The Mt Arthur Decision illustrates the importance of complying with the consultation requirements under occupational health and safety legislation and ensuring that meaningful consultation takes place where required.  It also demonstrates that non-compliance with these requirements may have broader consequences; as in this decision, the failure to consult resulted in the Commission concluding that the Site Access Requirement was not a reasonable employment direction.  The language used when engaging in consultation should also be carefully considered as this may be relevant to determining whether genuine consultation has occurred.  The Mt Arthur Decision also assists in interpreting the consultation requirements set out in the WHS Act, which is based on model laws that have been adopted in every jurisdiction except for Victoria and Western Australia.
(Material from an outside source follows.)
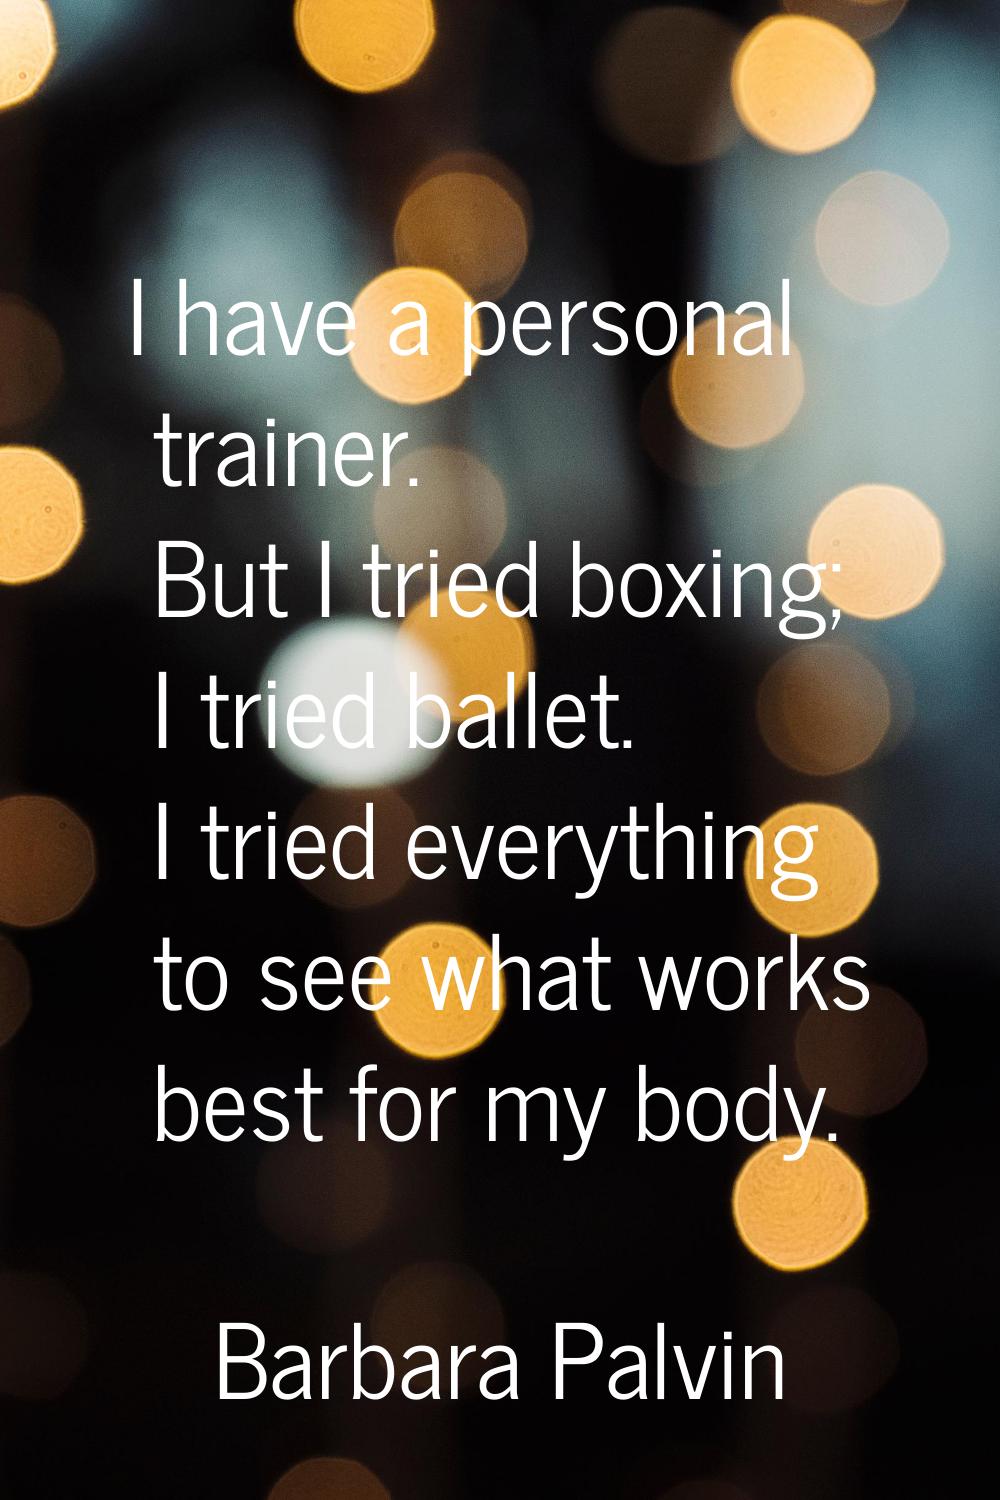 I have a personal trainer. But I tried boxing; I tried ballet. I tried everything to see what works
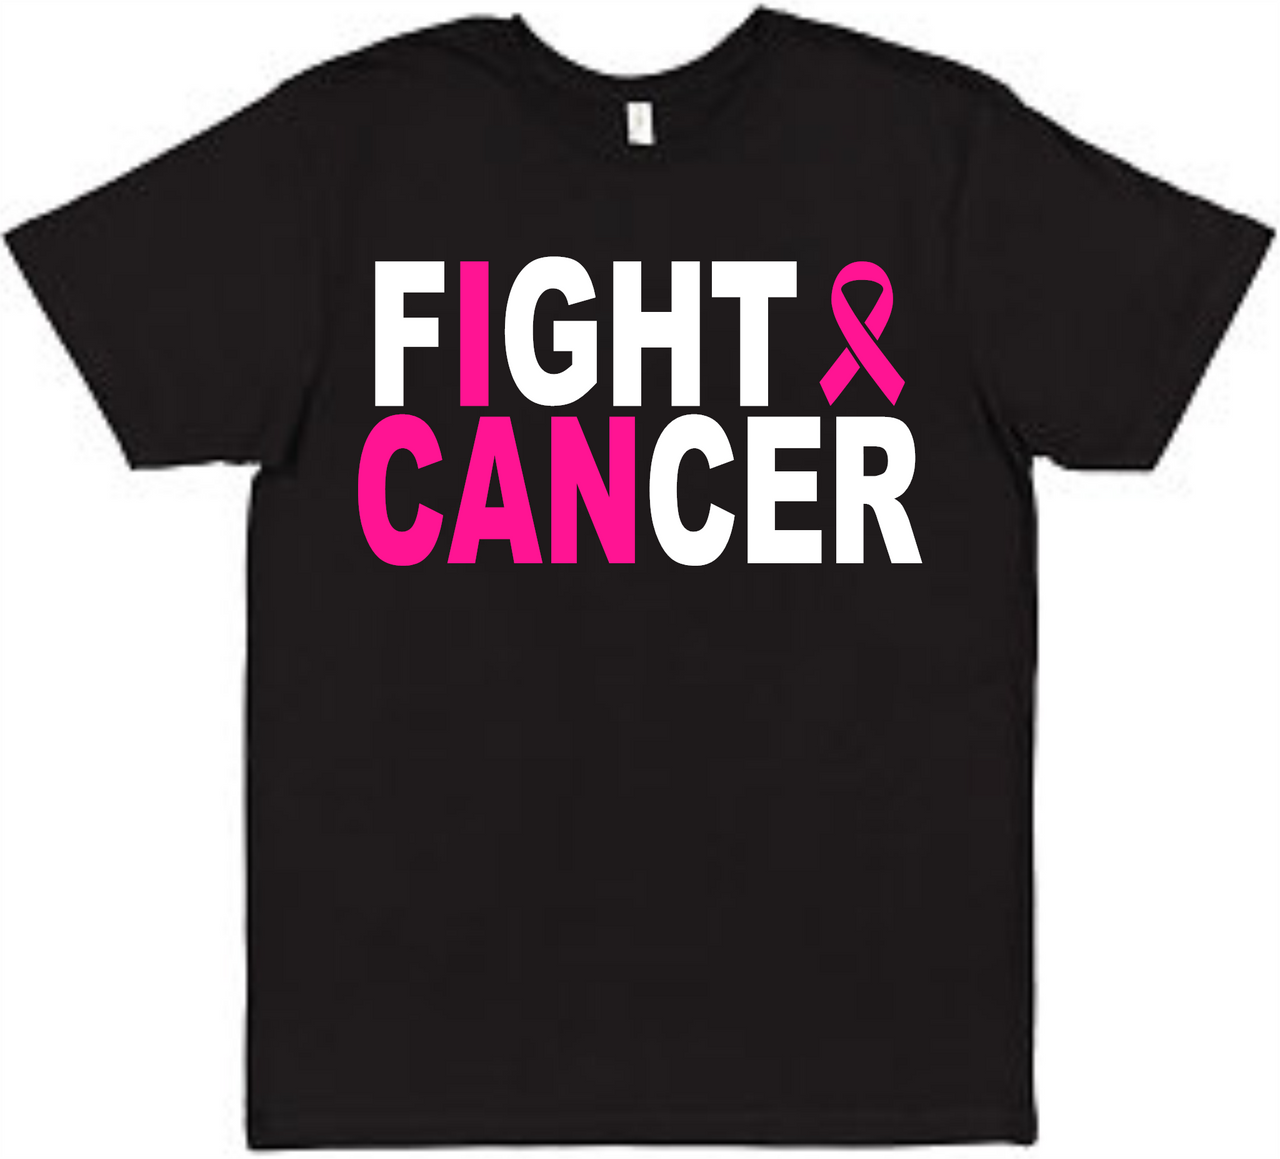 I Can Fight Cancer Tee Adult Shirt by Akron Pride Custom Tees | Akron Pride Custom Tees

Useful guidance is also provided with respect to the factors that may be considered in determining whether a COVID-19 vaccination requirement is reasonable and lawful direction.

Importantly, the Mt Arthur Decision does not stand for a general proposition that employer directions concerning vaccination are not reasonable.  Rather, it demonstrates what may be required for such a direction to be both reasonable and lawful.  The Queensland Decision illustrates circumstances in which a vaccination directive constitutes a reasonable and lawful direction. The Mt Arthur Decision and Queensland Decision are highly fact specific and only consider a vaccination direction made by a particular employer at particular sites, in the absence of a corresponding public health order or directive.